Nous l’avons compris, ce qui motive les rappels à l’ordre, ce qui motive les actions, est que les personnes membres d’un sujet pluriels sont liées entre elles par leur engagement conjoint. Ce dernier implique des obligations envers les autres membres du groupe. Chacun est en droit (le corolaire des obligations) d’attendre à ce que l’autre agisse d’une certaine manière afin d’atteindre leur objectif commun ; chaque pilote peut réclamer de l’autre qu’il reste, sinon le Jaeger ne peut s’animer. La conscience de chacun de leur obligation est peut-être plus forte encore car nous avons-là une dyade – chacun sait que s’il s’en va, c’est la fin du sujet pluriel, autrement dit c’est la fin du Jaeger ; pire encore, c’est l’Apocalypse (mais cela est une conséquence dépendante du contexte particulier et pas simplement de la nature des Jaegers). À ces obligations de l’un envers l’autre peuvent venir s’ajouter des obligations morales – sauver l’humanité de la fin du monde – ce qui a pour effet, dans le cas qui nous occupe, de soutenir, voire de renforcer, la première obligation – à savoir d’animer le Jaeger.
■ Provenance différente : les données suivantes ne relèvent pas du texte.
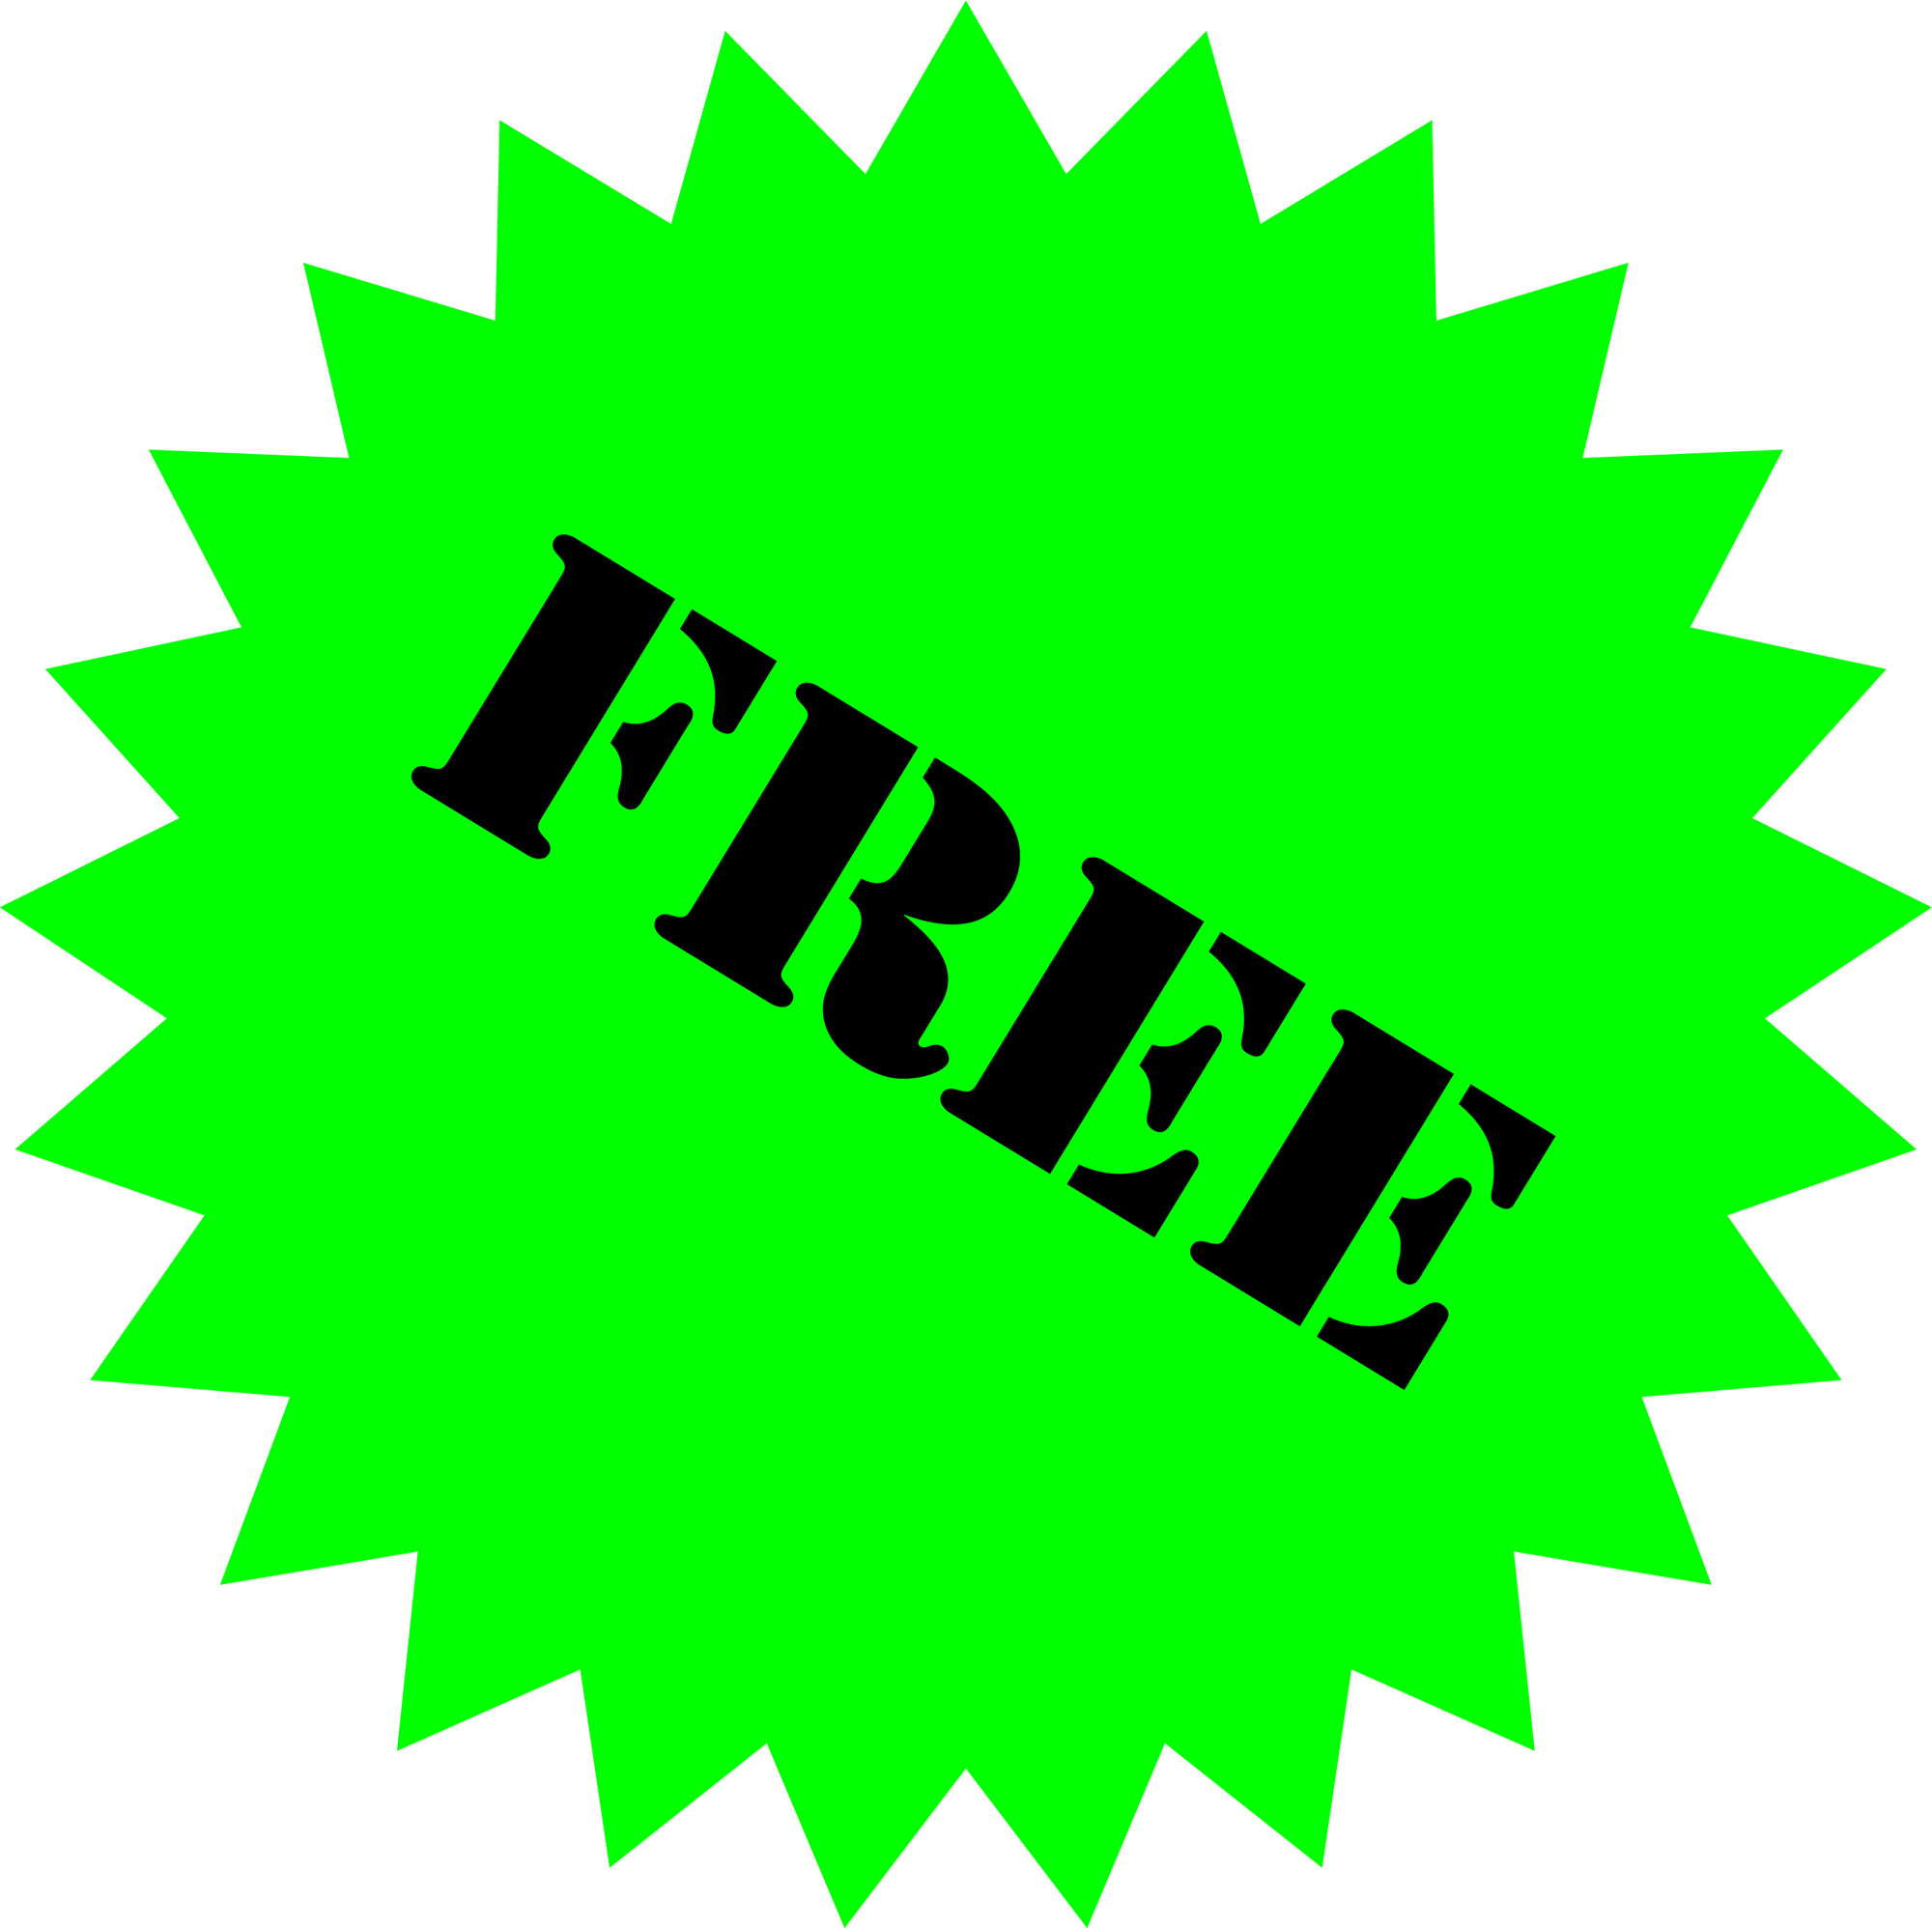 Free Stock Photo 483greensalestarjpg  Freeimageslive
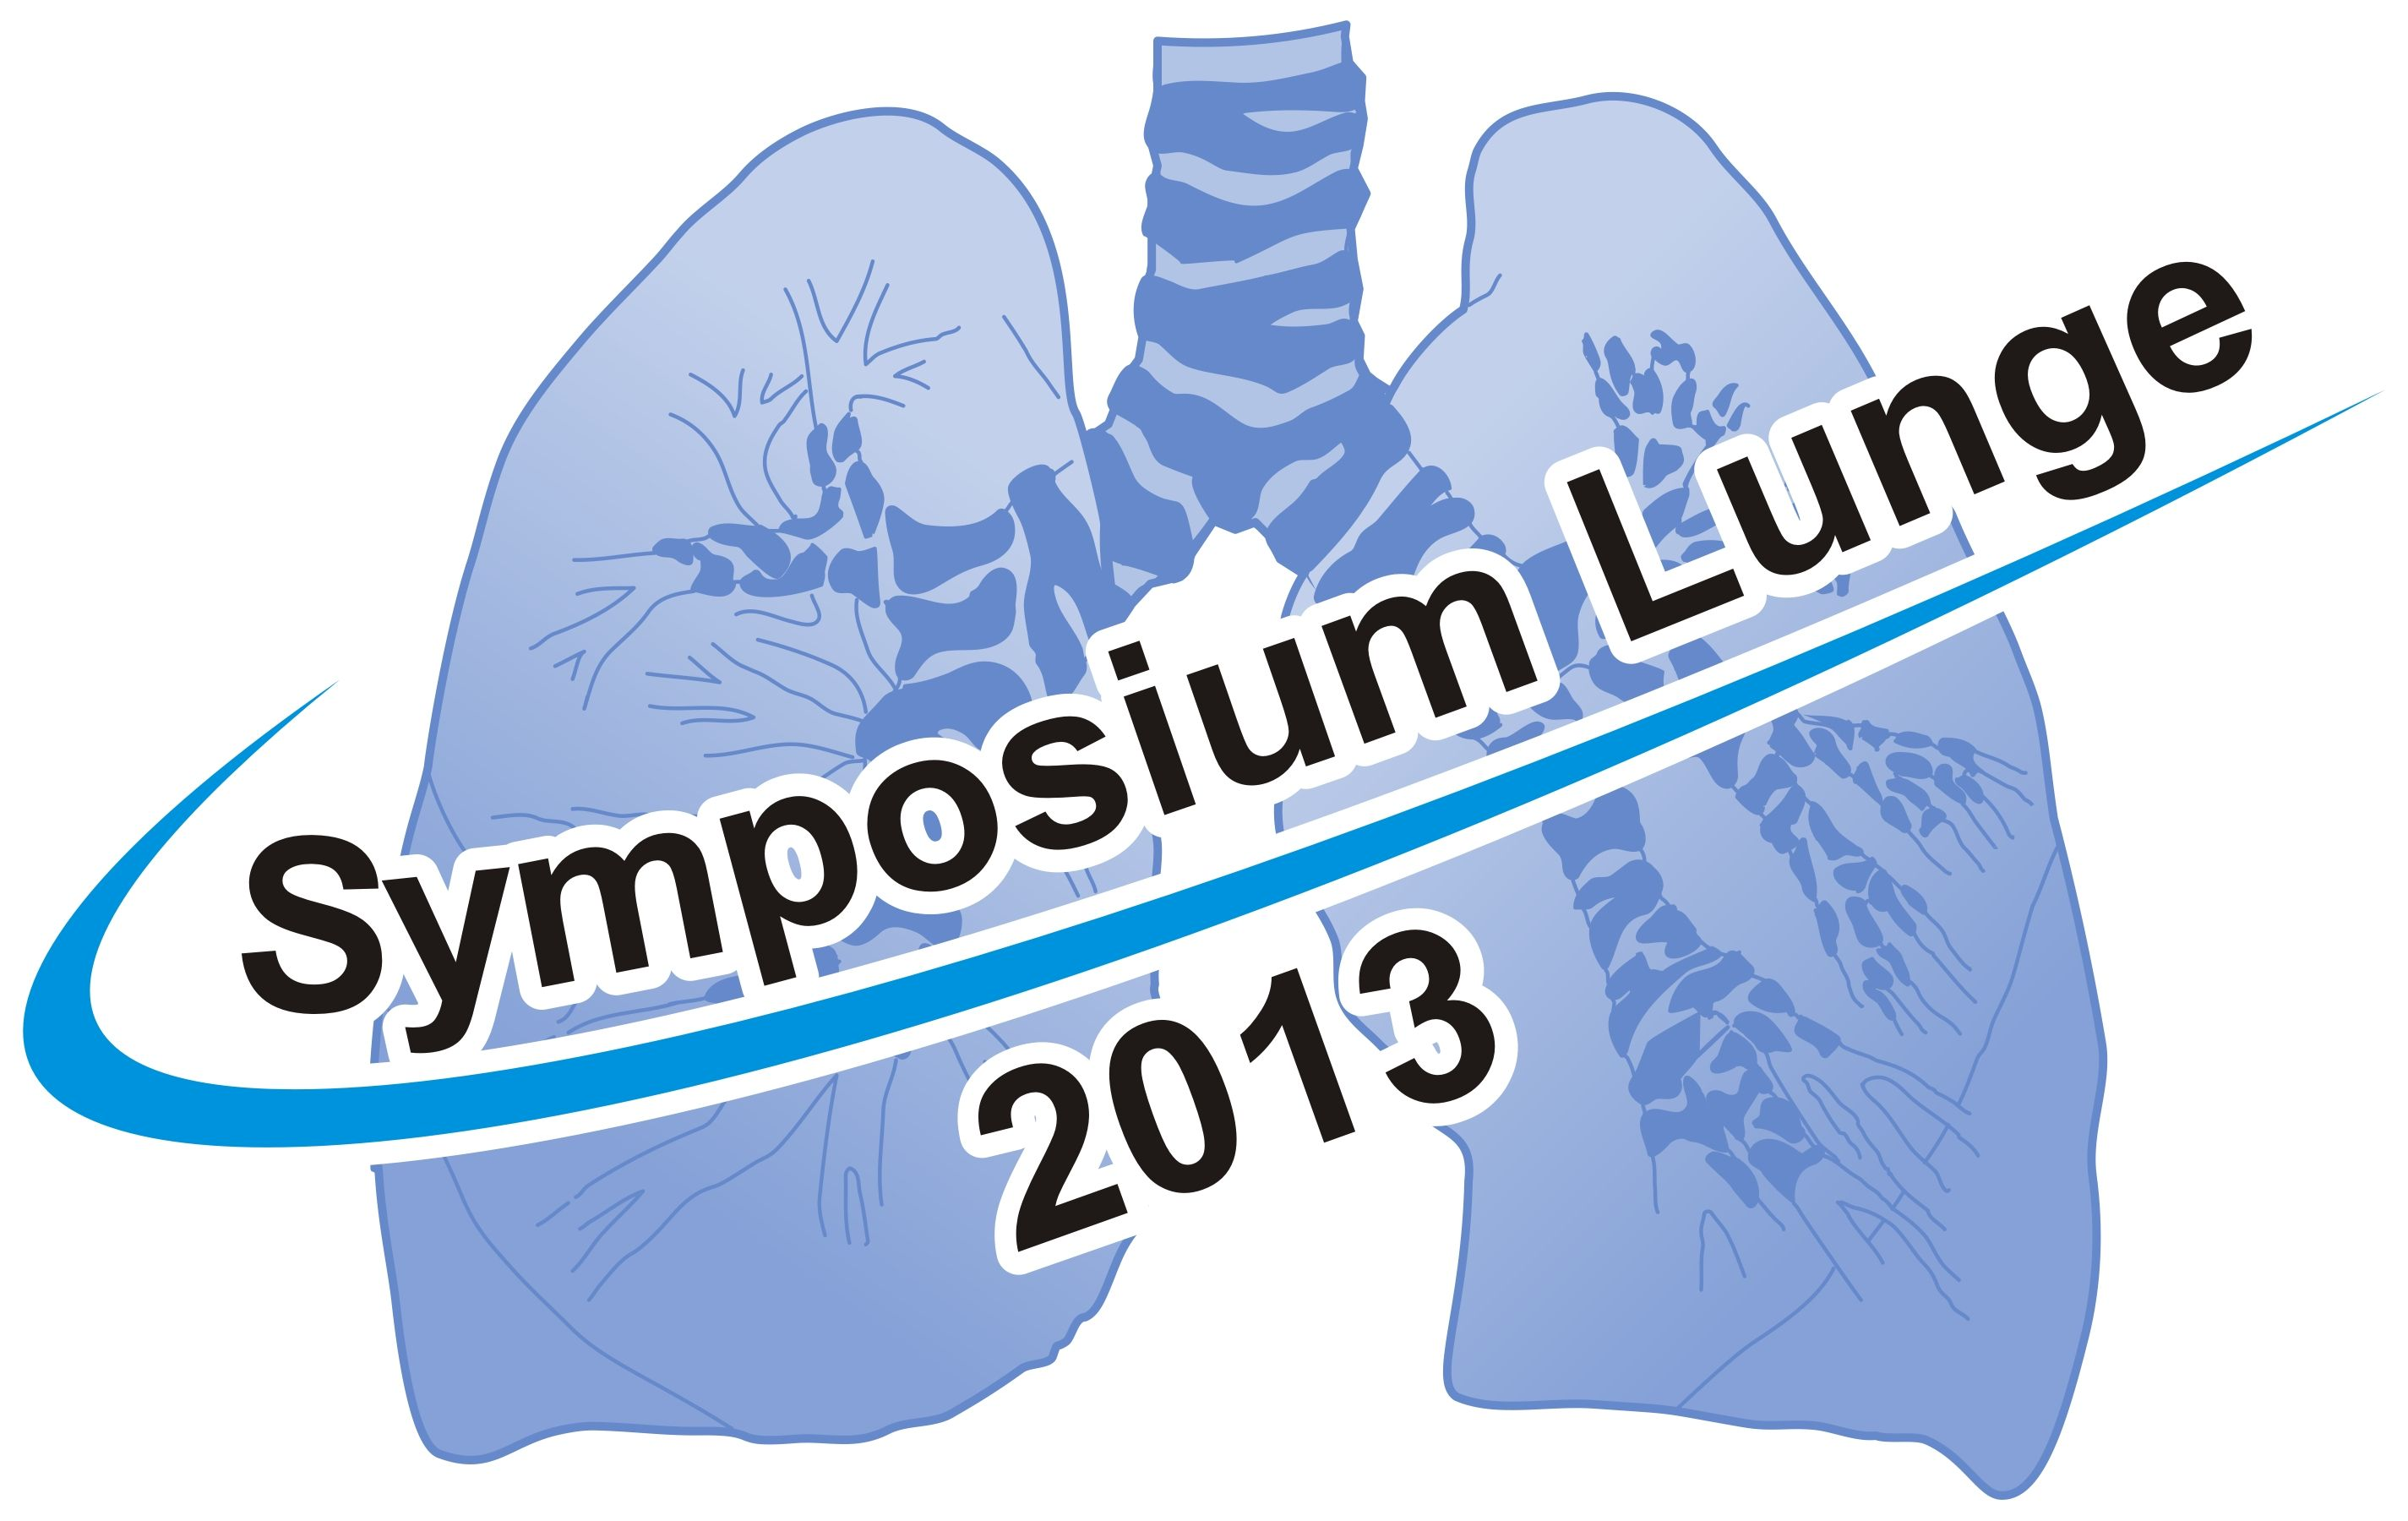 Technik-247.de - Technik Infos & Technik Tipps | Symposium-Lunge 2013

Ainsi donc, le Jaeger de Pacific Rim permet d’illustrer la théorie philosophique des sujets pluriels de Gilbert. Un Jaeger est un sujet pluriel concret (au sens que rarement un sujet pluriel n’existe de manière aussi physique que le Jaeger qui, en tant que sujet pluriel, dispose réellement d’un corps) qui ne peut exister que par l’engagement conjoint de deux copilotes. Cela nous permet de mieux comprendre les usages vernaculaires du pronom « nous », ainsi que la vie humaine en général. En effet, la théorie de Gilbert permet de comprendre la socialité intrinsèque à l’être humain. Cependant, sa formalisation n’est pas sans conséquence lorsqu’on s’interroge sur certaines de ses applications ; que faire par exemple s’il y a un conflit entre obligations conjointes et obligations morales ? Lorsqu’un groupe est responsable d’un événement horrible, les individus membres du groupe sont-ils tous responsables ? Qu’en est-il des personnes qui ont rejoint le groupe après les faits ? Il est évident que les réponses ne seront pas simples, il est évident également que la théorie de Gilbert est avant tout descriptive et cherche d’abord à rendre compte des différentes motivations (voire pressions) que peut avoir (ou subir) un individu pour agir d’une certaine manière plutôt qu’une autre.

2 commentaires

  1. Je constate avec bonheur que mon interpellation sur « Pacific rim » a ouvert une problématique très intéressante sur la fusion des esprits (les pilotes de Jaeger) au service de la machine (le jaeger), voire de l’intérêt collectif (la somme des individus composant l’humanité menacée par les Kaijus). Somme toute, del Toro crée un axiome mathématique qui dirait : 1 + 1 = 1.
    Néanmoins, on notera que chaque robot possède un nom à double particule (Gipsy Danger, Cherno Alpha, Coyote Tango, …) ce qui renvoie à leur dualité intrinsèque.

    Aimé par 1 personne

    • Merci d’avoir attiré notre attention sur ce film, c’est vrai que nous l’avions peut-être trop vite condamné! Hormis les thèses philosophiques qu’on peut trouver, il reste un bon moment de divertissement. C’est bien vu pour les noms doubles des Jaegers, je n’y avais même pas fait attention. C’est très intéressant car ça résume très bien, à mon avis, la thématique. En tout cas merci pour tes retours, ils sont très appréciés!